• **Task item**
Taking the data below, please print only the lines from the line holding "Image of classic" to the line holding "British Antarctic Territory", inclusive, with pictures omitted.

• **Material shown**
== Segment start ==

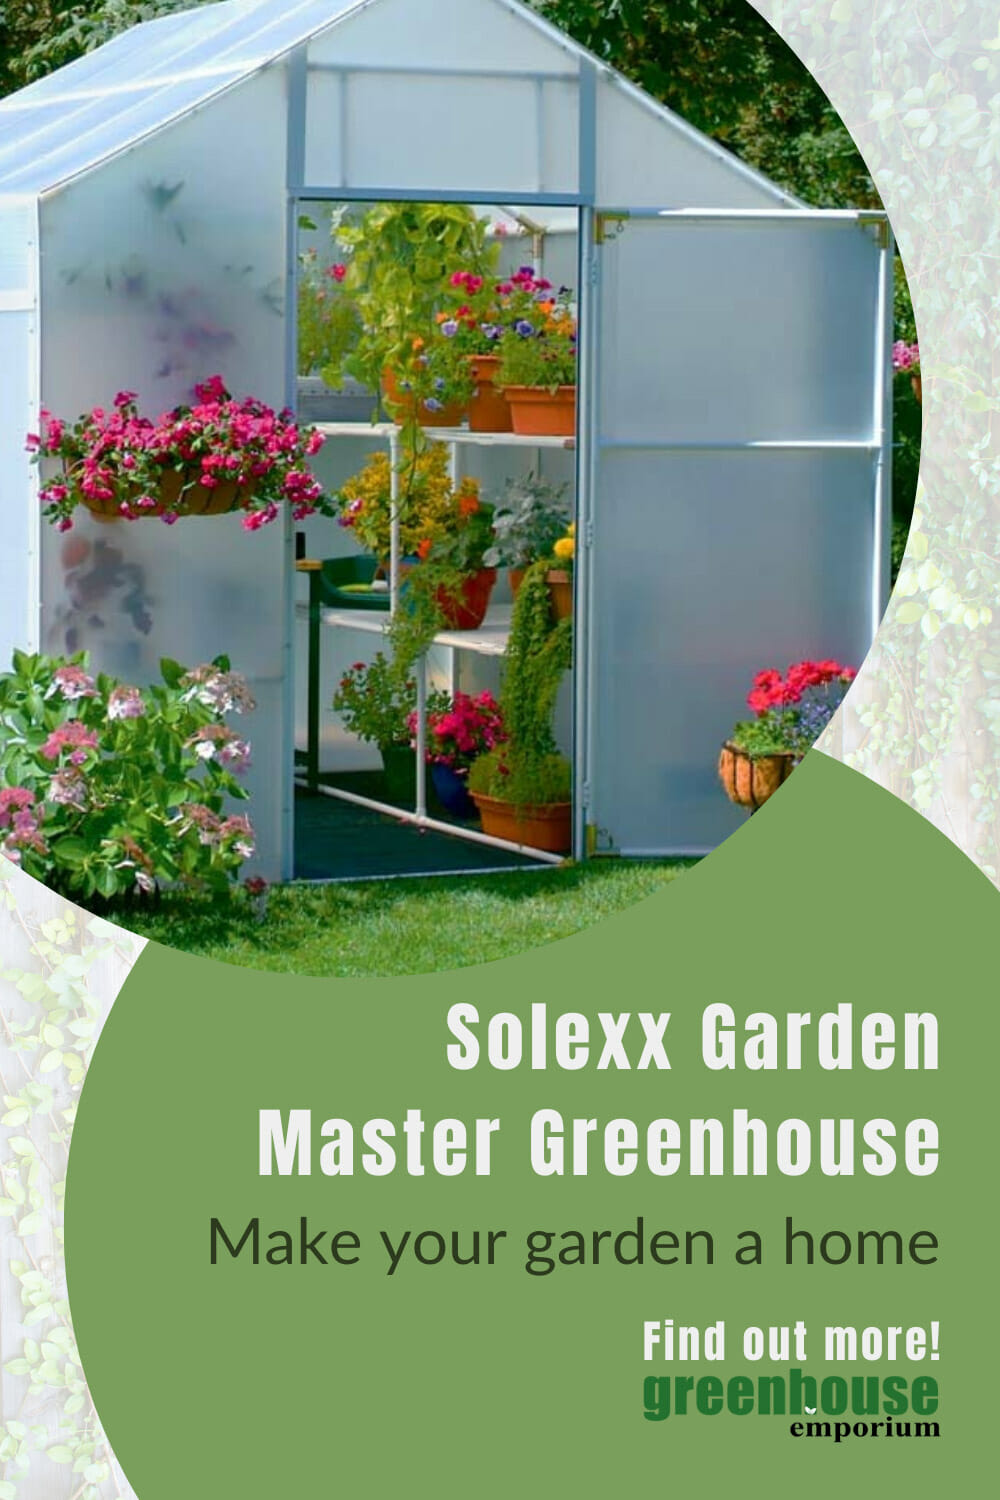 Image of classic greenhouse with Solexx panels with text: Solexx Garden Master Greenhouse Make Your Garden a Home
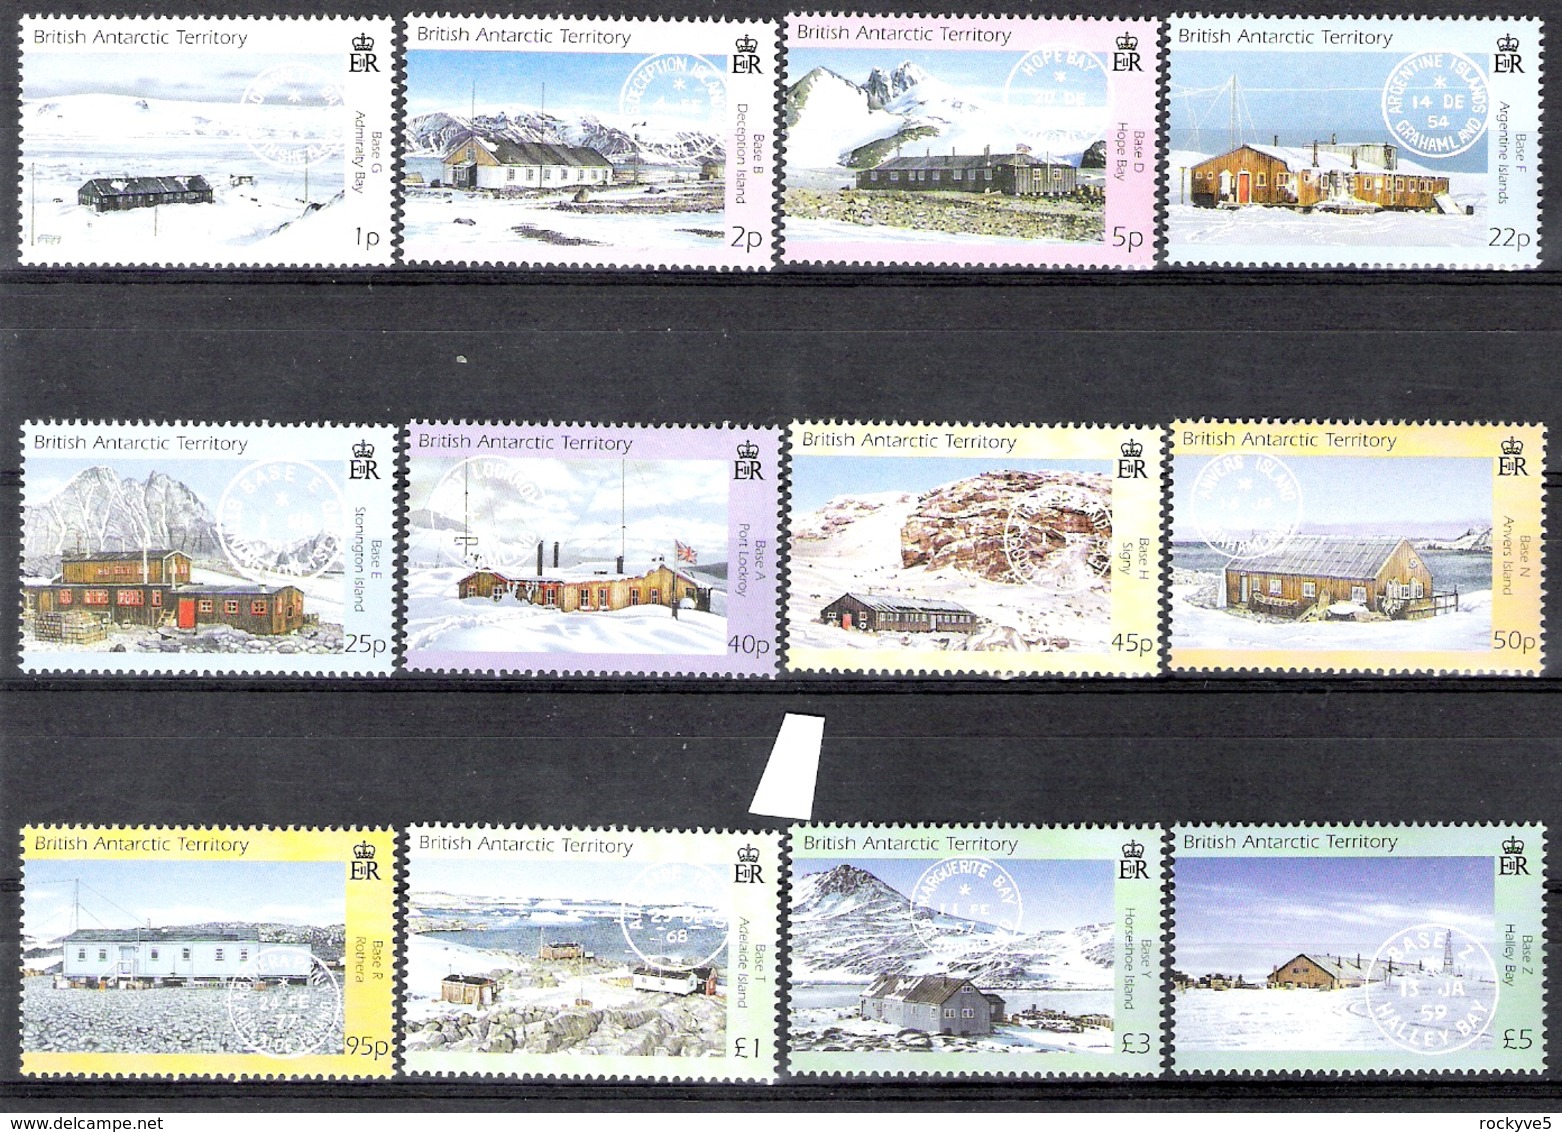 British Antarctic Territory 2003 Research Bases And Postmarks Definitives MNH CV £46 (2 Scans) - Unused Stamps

== Segment end ==
== Segment start ==

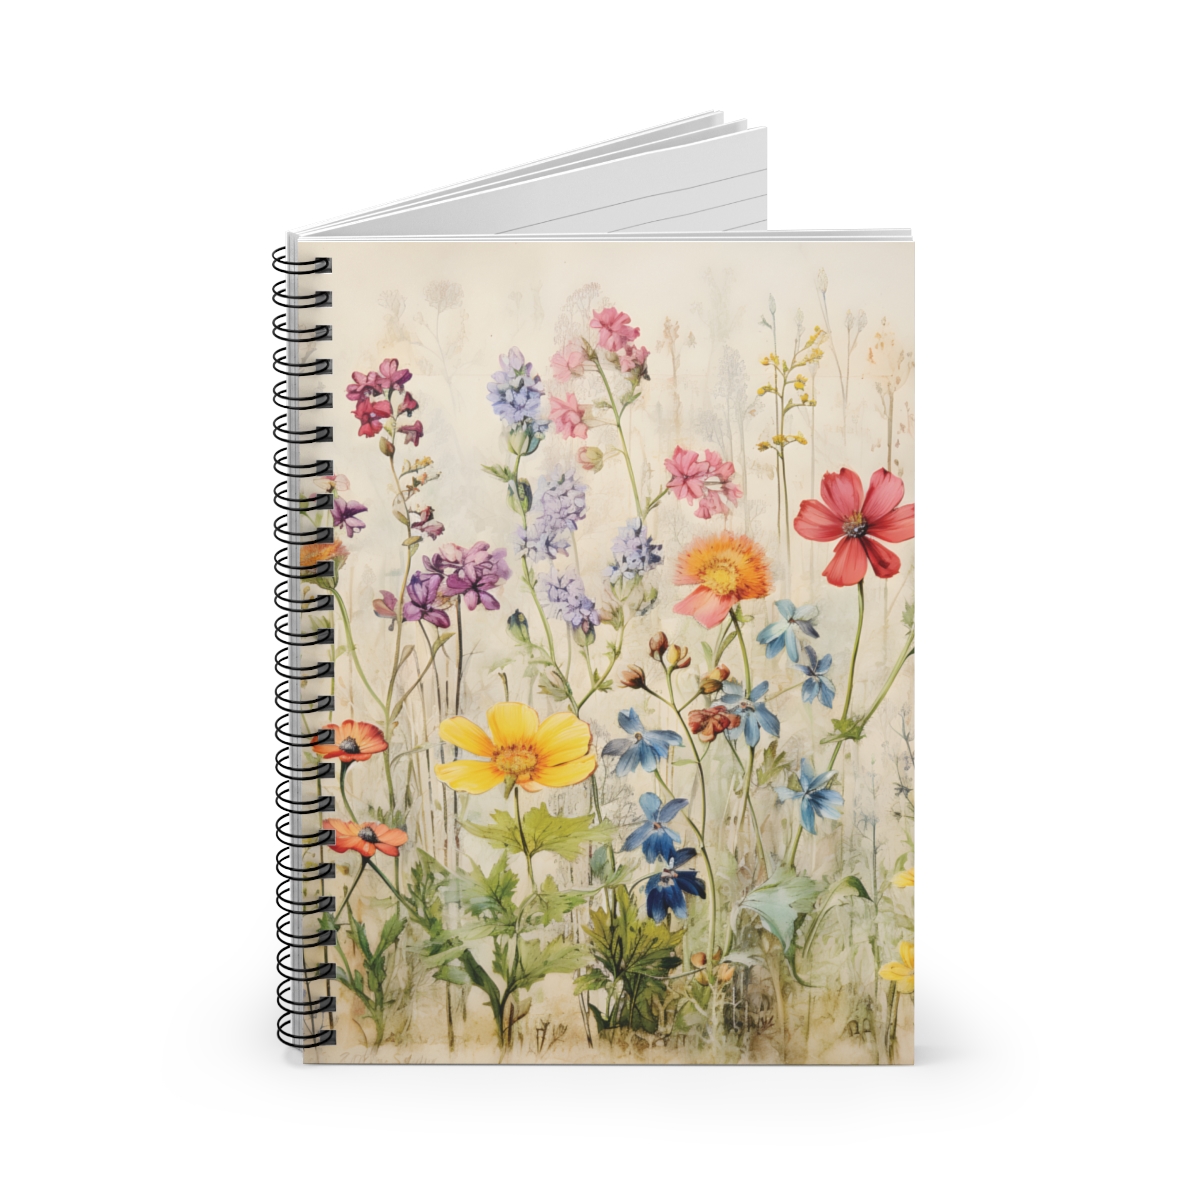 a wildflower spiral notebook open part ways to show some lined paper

== Segment end ==
== Segment start ==

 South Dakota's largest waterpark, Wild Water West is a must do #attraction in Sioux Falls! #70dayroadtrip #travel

== Segment end ==

• **Worked solution**
 Image of classic greenhouse with Solexx panels with text: Solexx Garden Master Greenhouse Make Your Garden a Home
 British Antarctic Territory 2003 Research Bases And Postmarks Definitives MNH CV £46 (2 Scans) - Unused Stamps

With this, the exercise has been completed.